Fables

Last Updated on January 7, 2023

I’ve always liked fables. Cute stories that have an embedded lesson. (More about reading here.)

For a while I’ve been planning to write a few myself.

I like mental models, and I write regularly about them in a short non-fiction format. I have been thinking for a few years about writing little fables to illustrate the models.

The idea came to me after a friend told me a poignant story that was a striking illustration of the idea that correlation does not imply causation. I will post that story below. Maybe if I write enough of them and get good at writing them I could compile them into a book one day.

Anyway here’s my first attempt at a fable. (Maybe this one is a bit long but I’m trying to live “done > perfect”. I wrote this about 7 years ago when I first moved to San Francisco, and have been trying to find time to “finish” it… But it’s been nearly 8 years…)

Julia’s Fables №1

When Marson meets Martha

My friend Marson was recently recounting the story about how he fell in love with with Martha. 

Names have been changed.

Marson and Martha

It was late July and Marson was on holidays from his engineering job, and had traveled from his home in Vermont, up to New York. He met Martha in a quiet cafe and he asked her for her phone number. Martha was a student a couple of years his junior, finishing up her economics degree that fall. The two arranged to meet the following week for a date. 

Martha, who was born and raised in New York, took Marson to one of her favorite New York neighborhoods, a vibrant place, where they happily wandered the streets. Many dates followed over the next few weeks when Marson was in town, the pair going all over New York. Marson said he had “the time of his life”. One day, when wandering through the bustling Central Park, Marson was feeling so much joy. He told Martha he had fallen in love with her. 

Eventually and inevitably though, a few weeks later Marson needed to leave Martha and to return to Vermont to his job.

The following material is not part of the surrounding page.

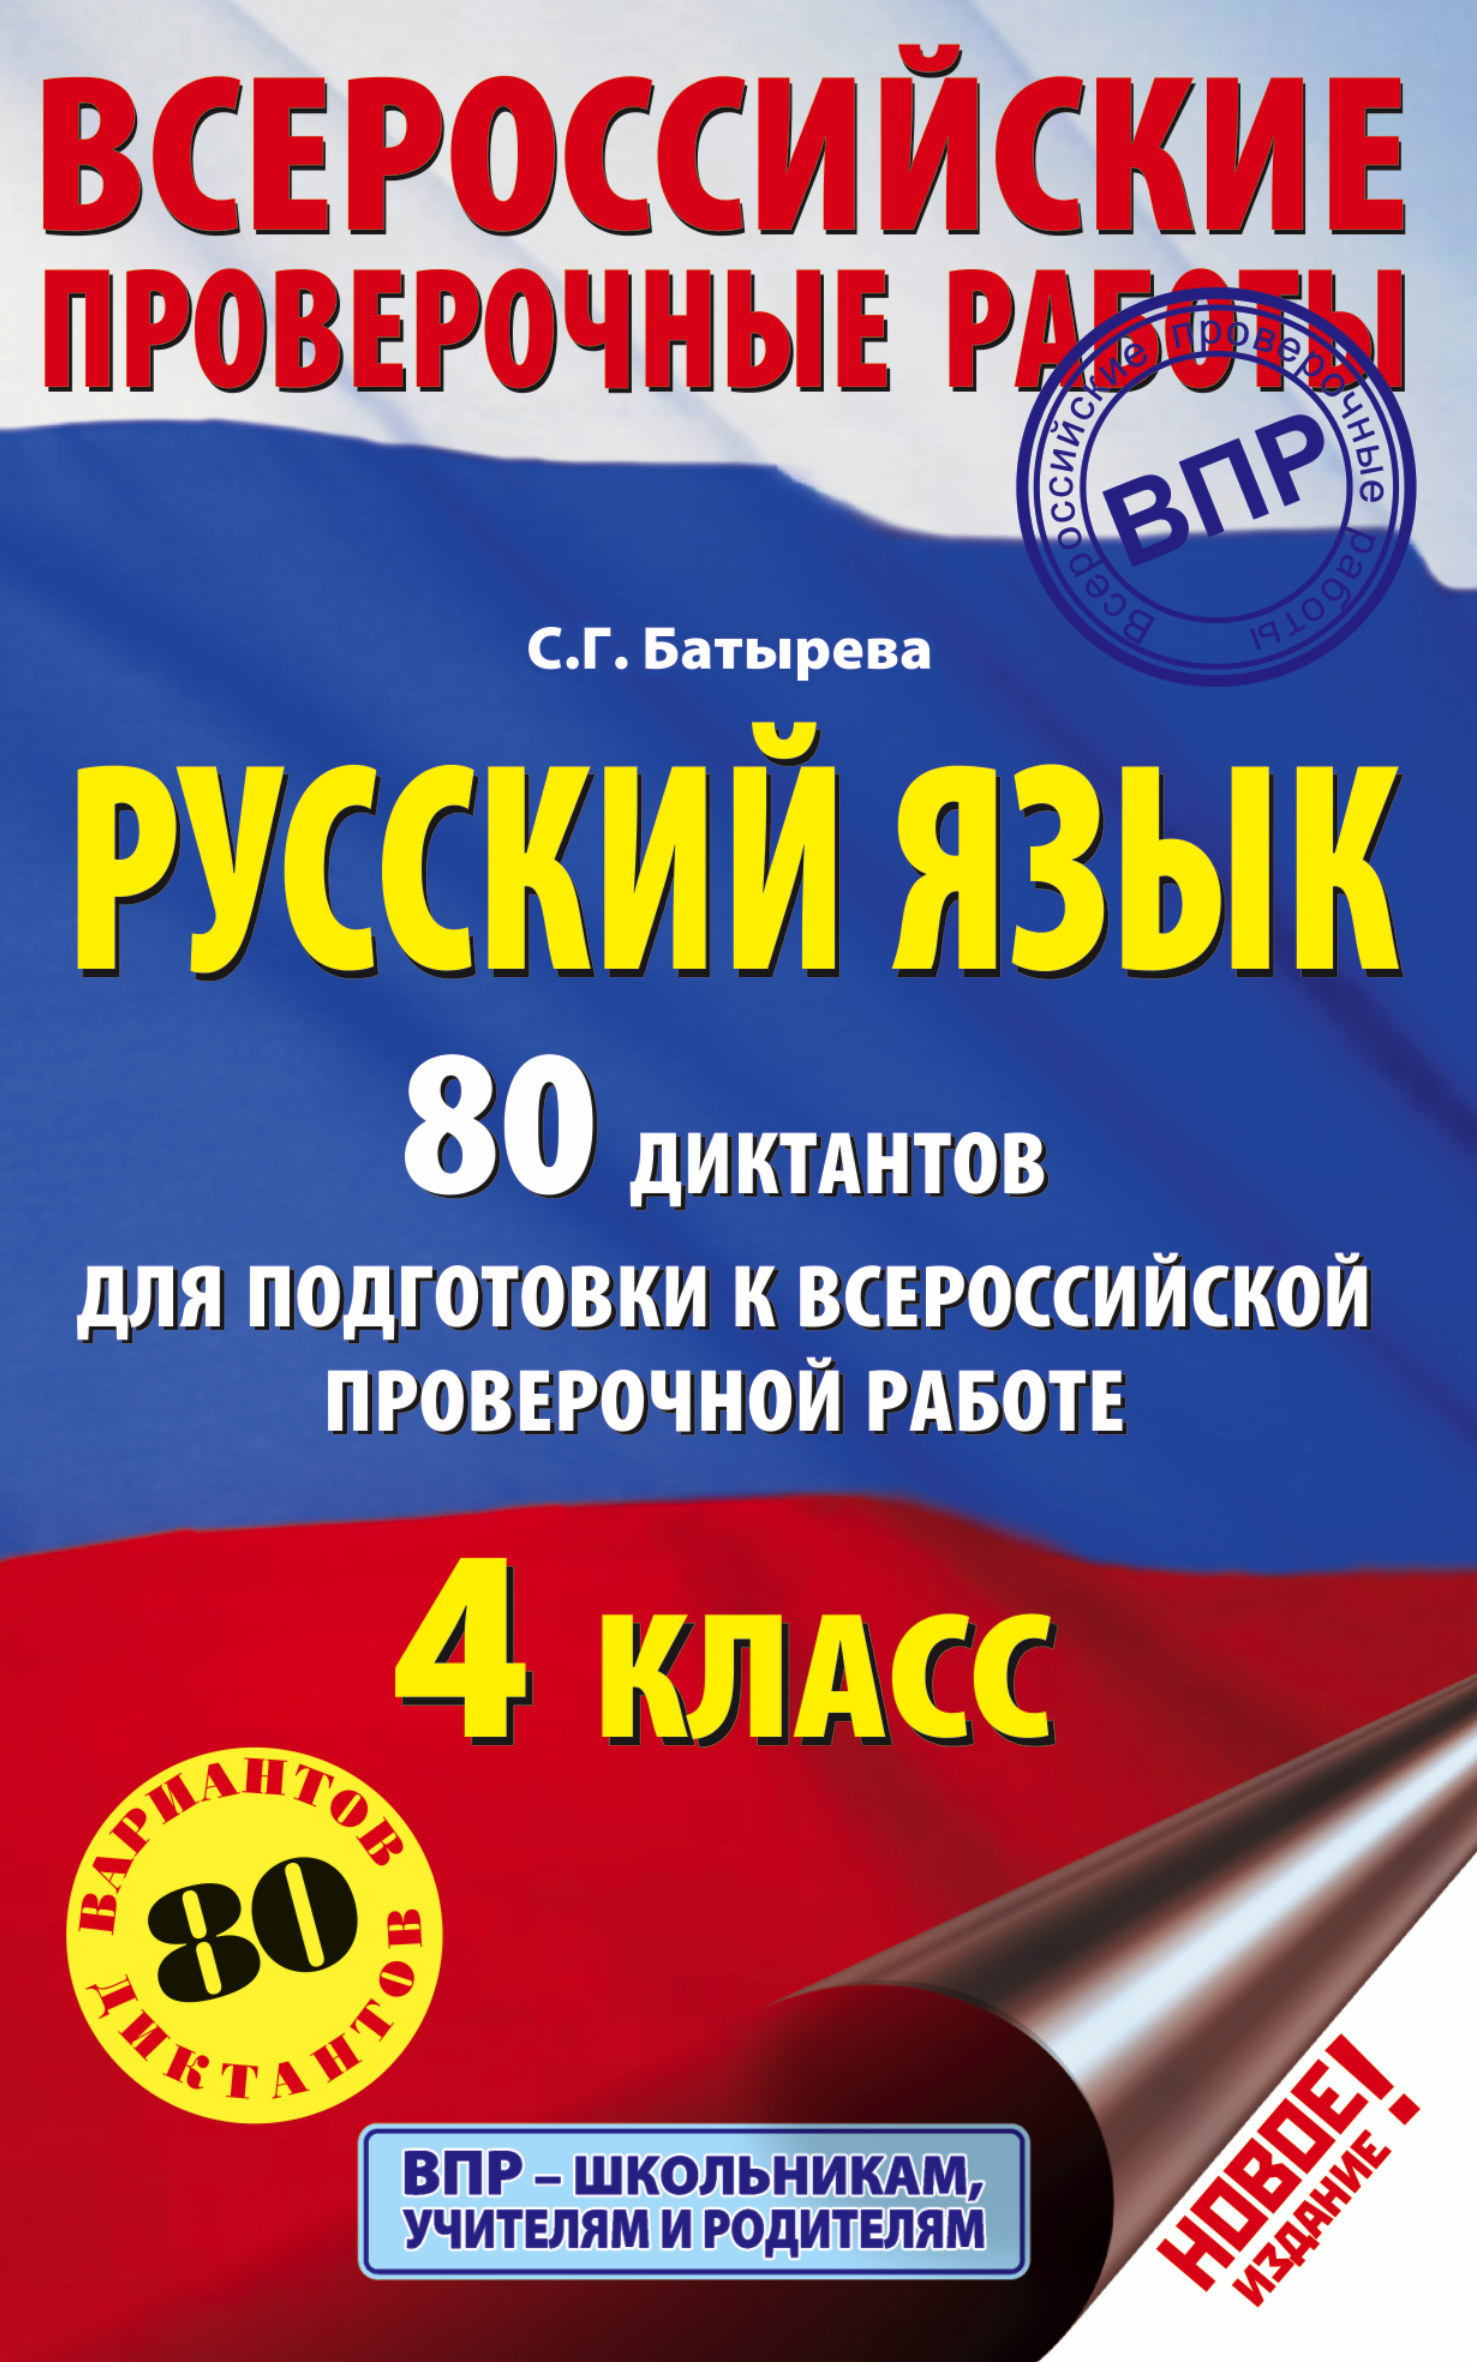 Русский язык. 80 диктантов для подготовки к Всероссийской проверочной работе ( Батырева С.Г.  )

Marson and Martha talked frequently on the phone after he left, and defaulted into a long distance relationship. Marson would visit her in to New York when he could get time off work. Eventually, the two considered whether Martha might move to Vermont to be with Marson. Marson was ecstatic when Martha said she would move down the following month after she graduated.

Marson was counting down the days until she arrived! They’d only been dating a few months, and normally he wouldn’t move in with someone so soon, but given she was moving to Vermont to be with him, it didn’t really make sense for her to get her own place, so they decided she would move in with him. In November Martha excitedly packed a truck and headed to meet her love.

Martha moved into Marson’s flat. Marson had an inkling that something was wrong, but he couldn’t quite work out what it was. And given Martha had moved all that way to be with him, he thought he owed it to her to dismiss that nagging feeling that something wasn’t quite right.

One day it struck him rather suddenly. He’d fallen in love with the city, not the person.

The good feelings Marson had while in New York with Martha were more about the city, than the person. The feelings for Martha were correlated with the good feelings for New York, but not the cause.

Correlation does not imply causation.